◆ Task description:
Every line of the listing must be reproduced as it stands. Leave the images behind.

◆ Data provided:
# # # # # # #
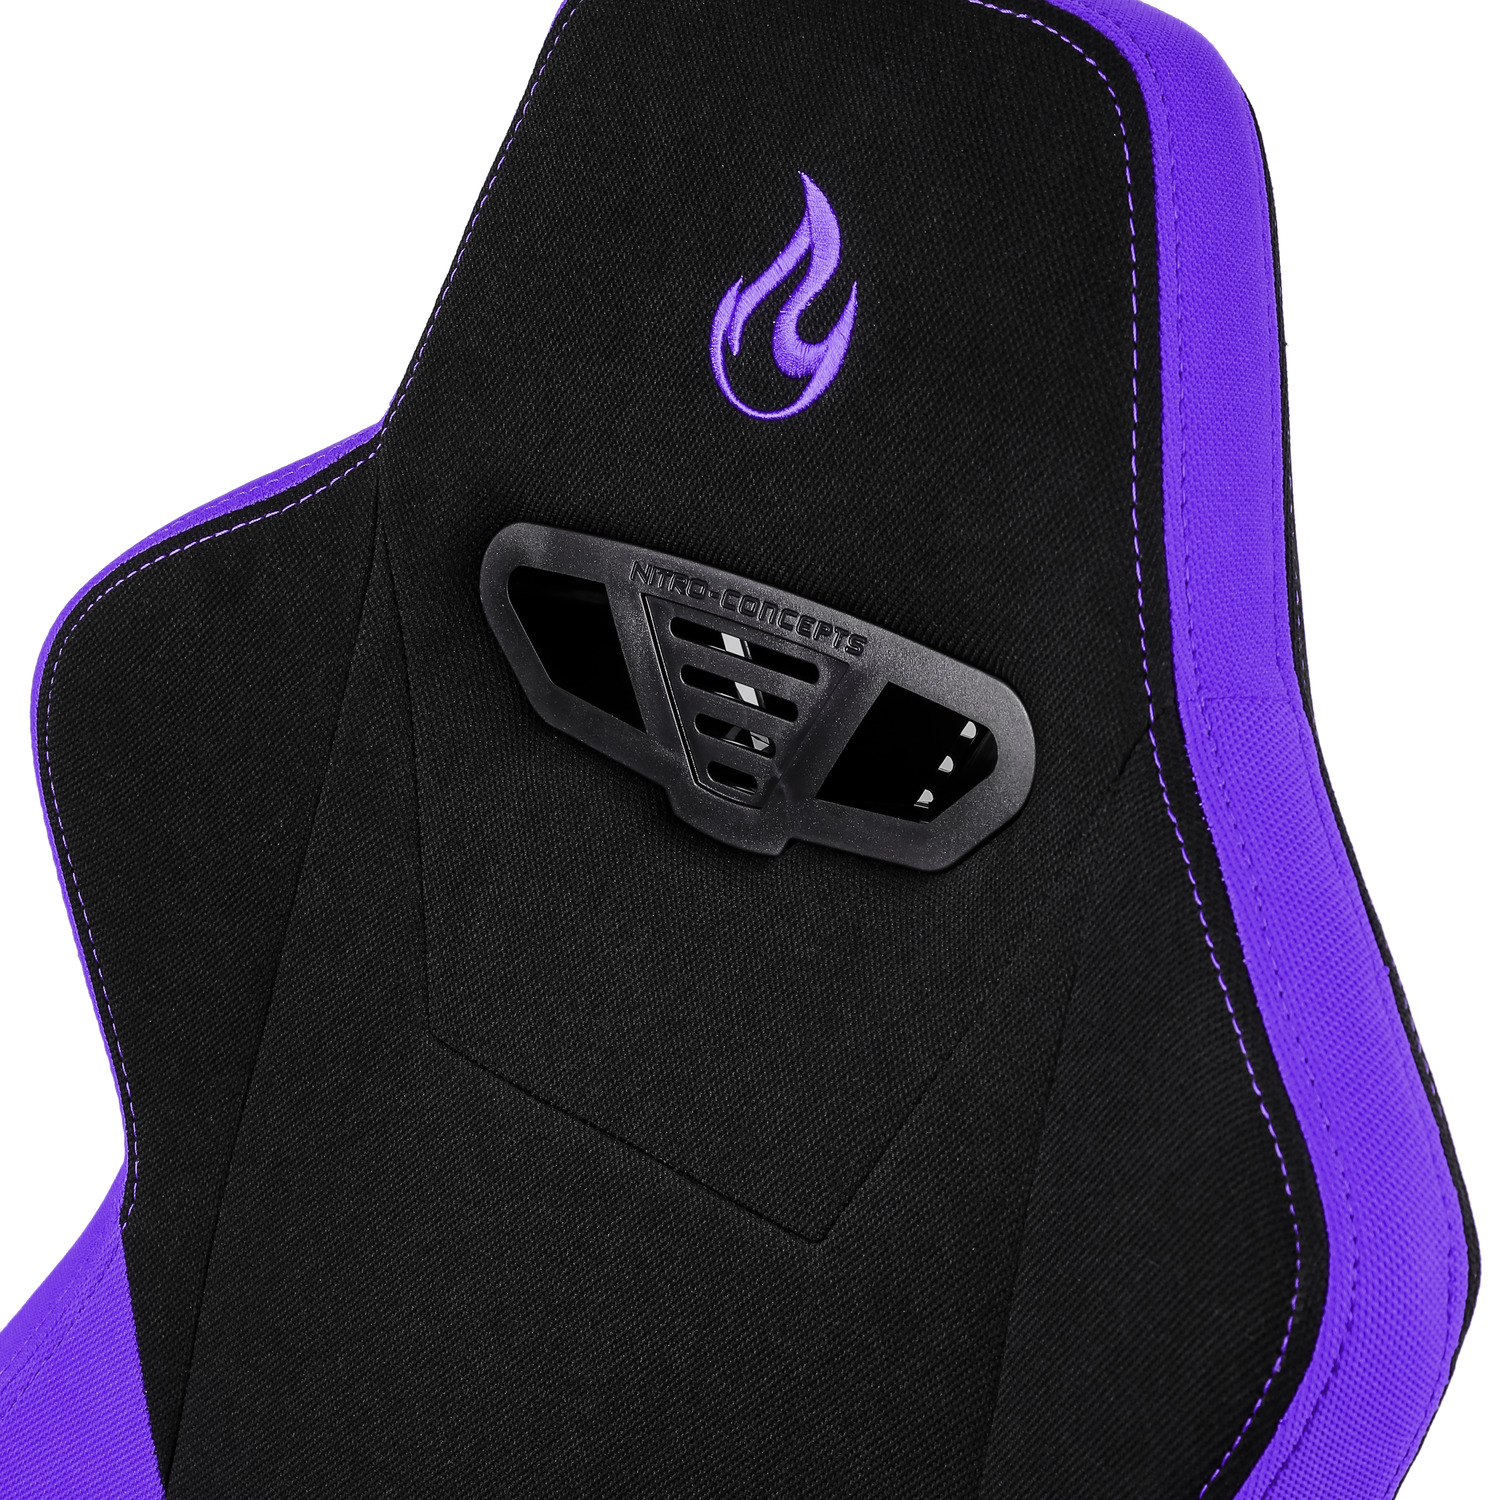 nitro-concepts - S300 Gaming Chair Nebula Purple
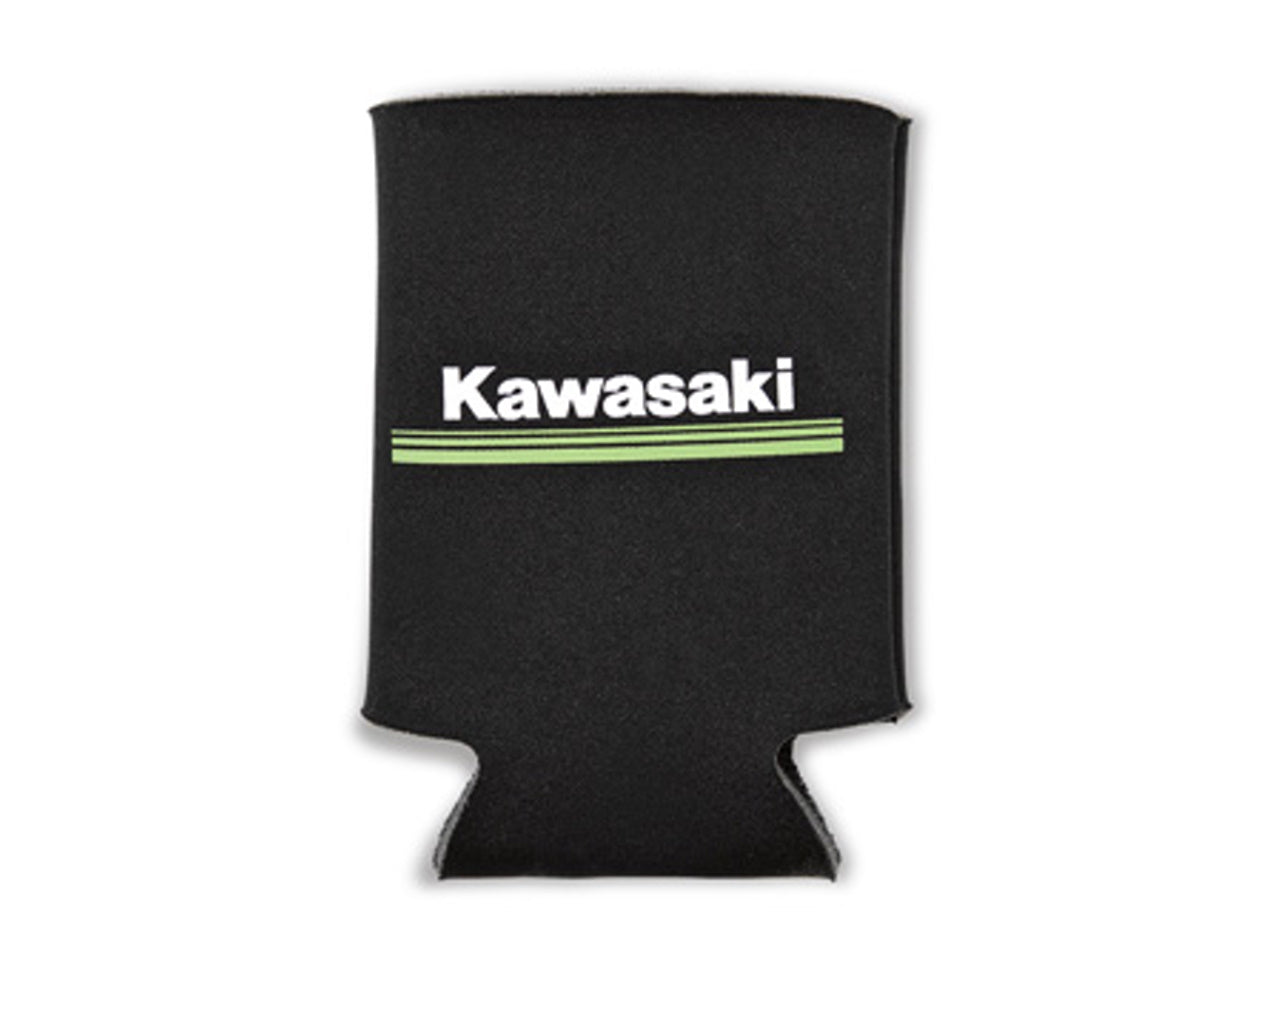 Kawasaki 3 Lines Collapsible Can Cooler  K066-9027-BKNS
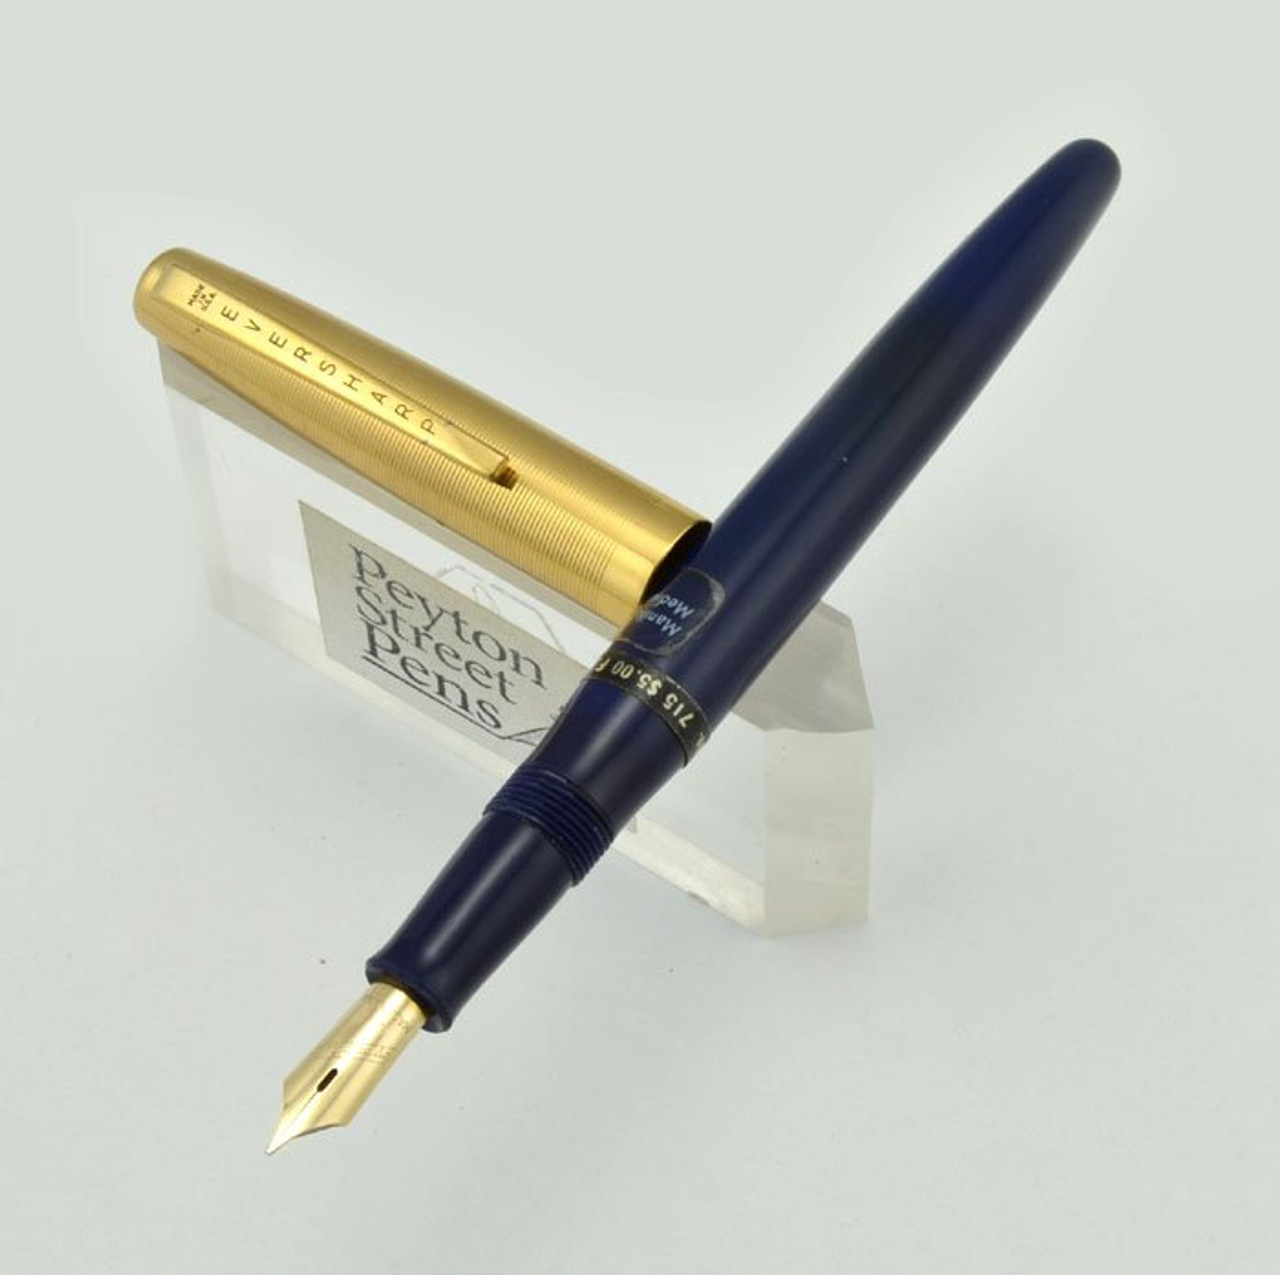 Eversharp 715 Fountain Pen - 1950s, Gold Cap & Blue Barrel, Manifold Medium 14k Nib (Near Mint, Stickered, Restored)
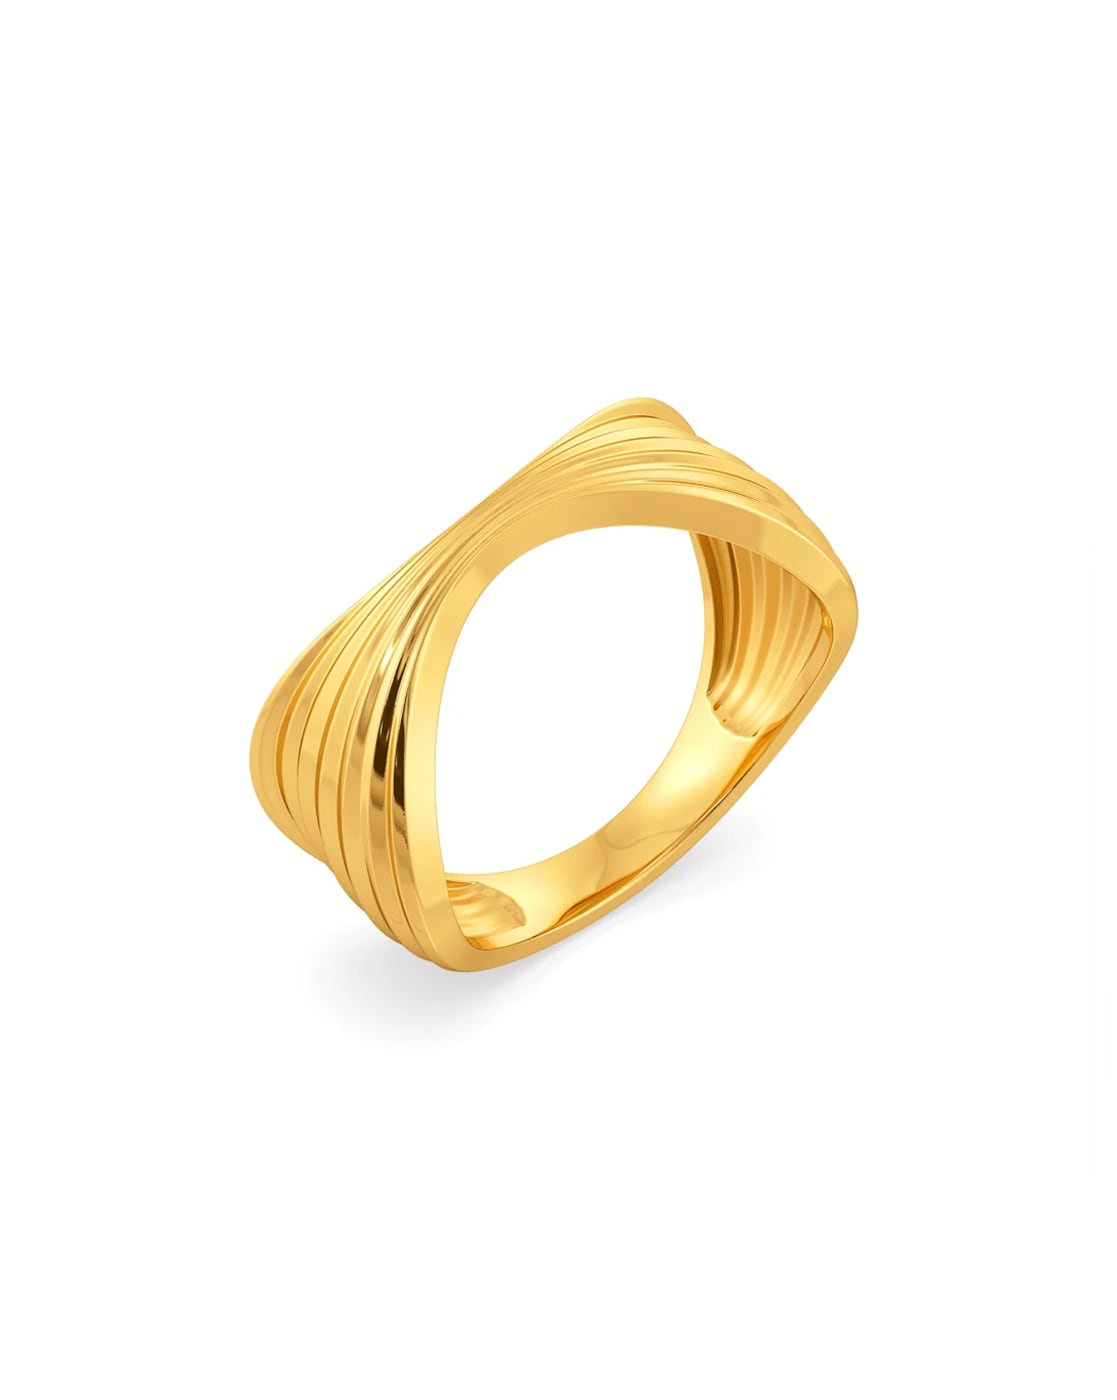 Pearl Men Engagement Yellow Gold Diamond Ring, 8g at Rs 65000 in Mumbai
# # # # # # #
◆ Exercise output:
 nitro-concepts - S300 Gaming Chair Nebula Purple
 Kawasaki 3 Lines Collapsible Can Cooler  K066-9027-BKNS
 Eversharp 715 Fountain Pen - 1950s, Gold Cap & Blue Barrel, Manifold Medium 14k Nib (Near Mint, Stickered, Restored)
 Pearl Men Engagement Yellow Gold Diamond Ring, 8g at Rs 65000 in Mumbai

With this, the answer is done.